Indeed, like Cruz and the Tea Party, Gonsalves and CARICOM are banking on public shaming and political pressure to compensate for shortcomings in their legal case. Their mercurial strategy assumes that, just as corporations often settle cases (even frivolous ones) to avoid bad publicity, European governments will settle out of court instead of forcing them to prove their case in court. Which, of course, would constitute a triumph of European paternalism and self-recrimination over Caribbean pride and self-responsibility – the “damning irony” in our case be damned.
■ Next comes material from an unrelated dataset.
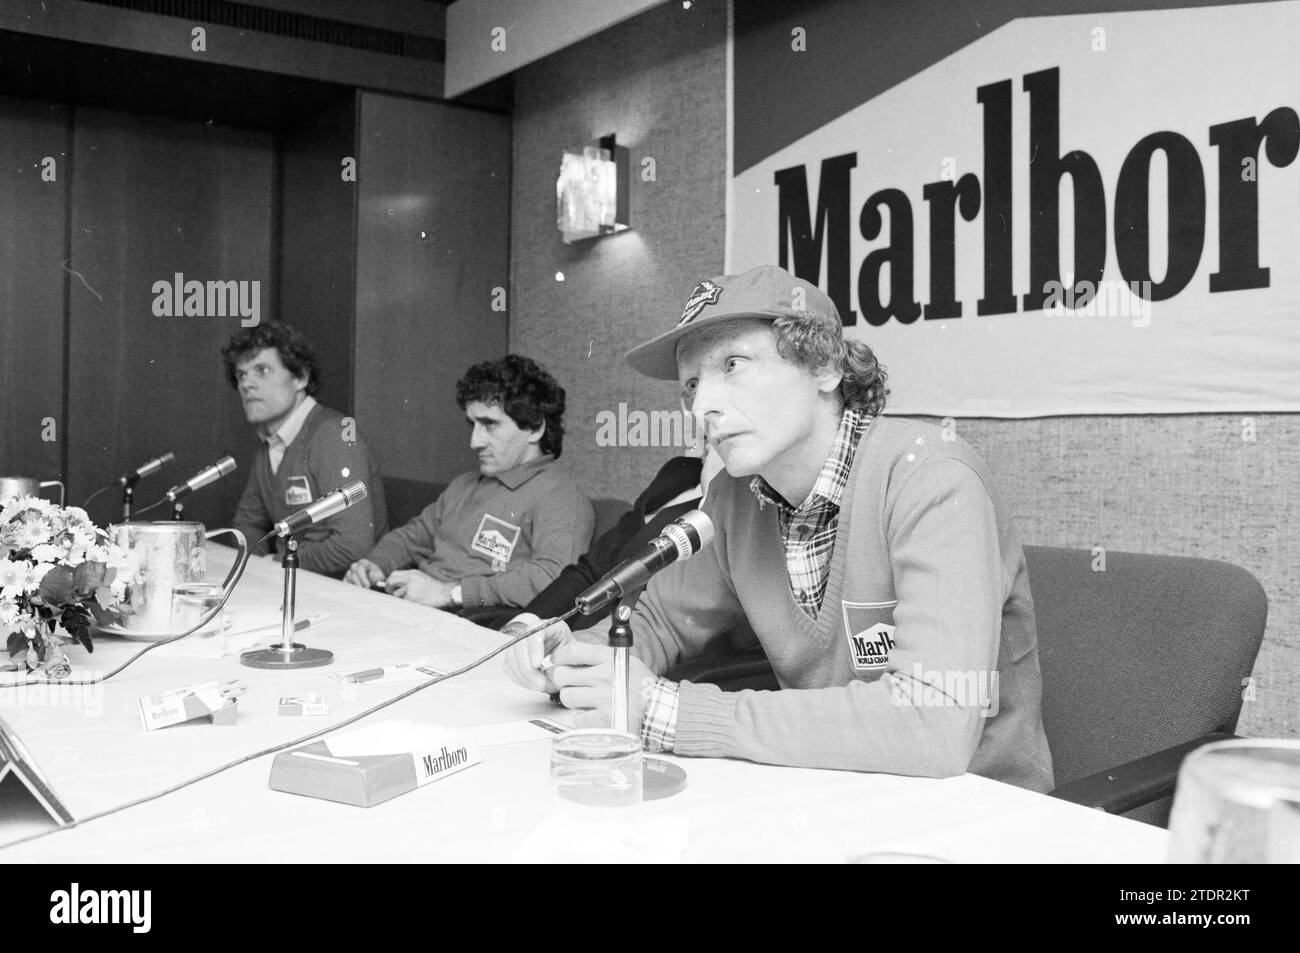 Bericht mit Formel-1-Fahrern Niki Lauda und Alain Prost, 00-00-1984, Whizgle News aus der Vergangenheit, maßgeschneidert für die Zukunft. Erkunden Sie historische Geschichten, das Image der niederländischen Agentur aus einer modernen Perspektive, die die Lücke zwischen den Ereignissen von gestern und den Erkenntnissen von morgen überbrückt. Eine zeitlose Reise, die die Geschichten prägt, die unsere Zukunft prägen Stockfoto

What was surprising, however, was the deluge of commentaries his UN address inspired. After all, Gonsalves did little more than repeat his mantra about making Europeans pay today for the sins their forefathers committed 150 years ago.
I, on the other hand, have been writing commentaries on this controversial subject for years, trying to disabuse Gonsalves and CARICOM of their antic mission. Not least because extorting a quarter-trillion dollars from European governments for “the developmental benefit of our Caribbean societies and all our peoples” makes a mockery of CARICOM’s stated mission:
To provide dynamic leadership and service, in partnership with Community institutions and Groups, toward the attainment of a viable, internationally competitive and sustainable Community, with improved quality of life for all.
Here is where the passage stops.